Livermore is just such a laboratory, and prides itself on research engineering on a grand scale. The Nova laser at Livermore routinely produces fusion neutrons by subjecting materials to intense blasts of coherent light - but the Nova facility is as big as an aircraft hangar, and the barrel of the laser is like the trunk of a giant redwood tree laid on its side. But since the end of the Cold War, Livermore scientists have been encouraged to see the beauty in smallness, so Ditmire and his colleagues in the Laser Program at Livermore have been experimenting with fusion using a variety of laser-based techniques. Their latest report is about what happens when intense but extremely brief laser pulses (of the order of femtoseconds - that is, billion-billionths of a second) are fired at 'clusters' of deuterium atoms. 'Clusters' represent an intriguing no-man's-land, halfway between atoms and molecules on the one hand, and bulk materials on the other. They have all kinds of interesting properties, and their response to laser excitation is one of them.

Laser light passing through large clusters - of 1,000 atoms or more - dislodges electrons from the constituent atoms. As a result, these atoms acquire an electric charge - that is, they become 'ions'. Heated and energized by the laser light, the dislodged electrons form a strong electric field that radiates outwards from the cluster. This electric field agitates the ions, leading to a small explosion as the cluster can no longer contain the energy it has absorbed from the laser.

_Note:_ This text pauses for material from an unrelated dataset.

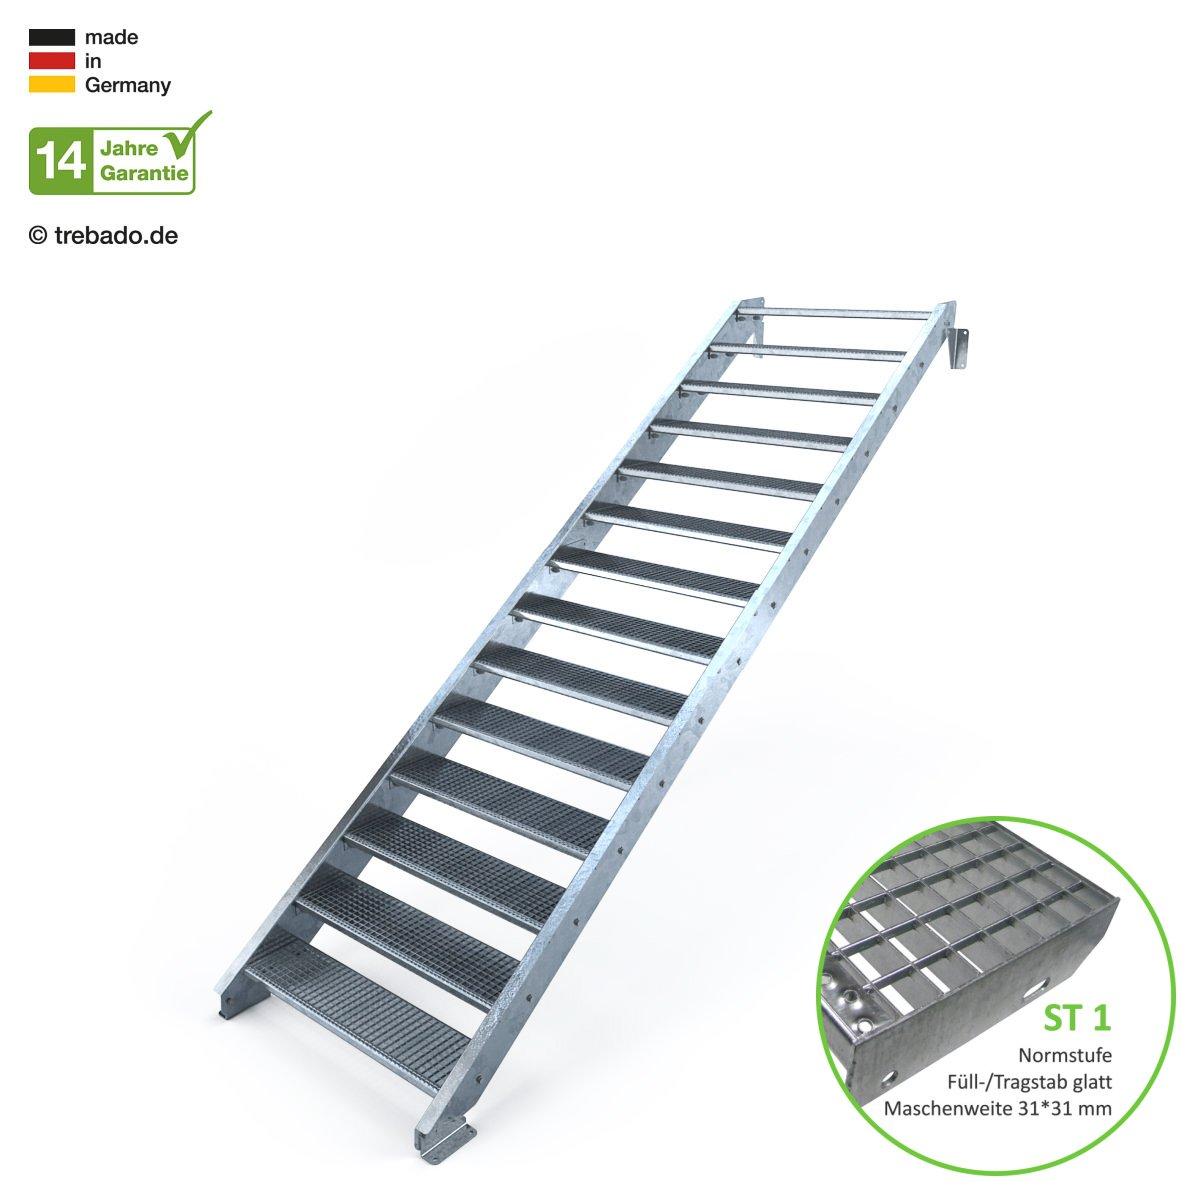 feuerverzinkte Stahltreppe mit 1100 mm Stufenl/änge als montagefertiger Bausatz Gitterroststufe ST1 Anstellh/öhe variabel von 233 cm bis 280 cm ohne Gel/änder Au/ßentreppe 14 Stufen 110 cm Laufbreite

The researchers put these small explosions to work: by energizing a gas jet of deuterium atoms, they produced explosions in which deuterium ions accelerating out of clusters had a strong chance of colliding with accelerated deuterium ions from adjacent clusters with sufficient woomph to create nuclear fusion - the deuterium ions would fuse to create helium nuclei, releasing neutrons of a characteristic energy.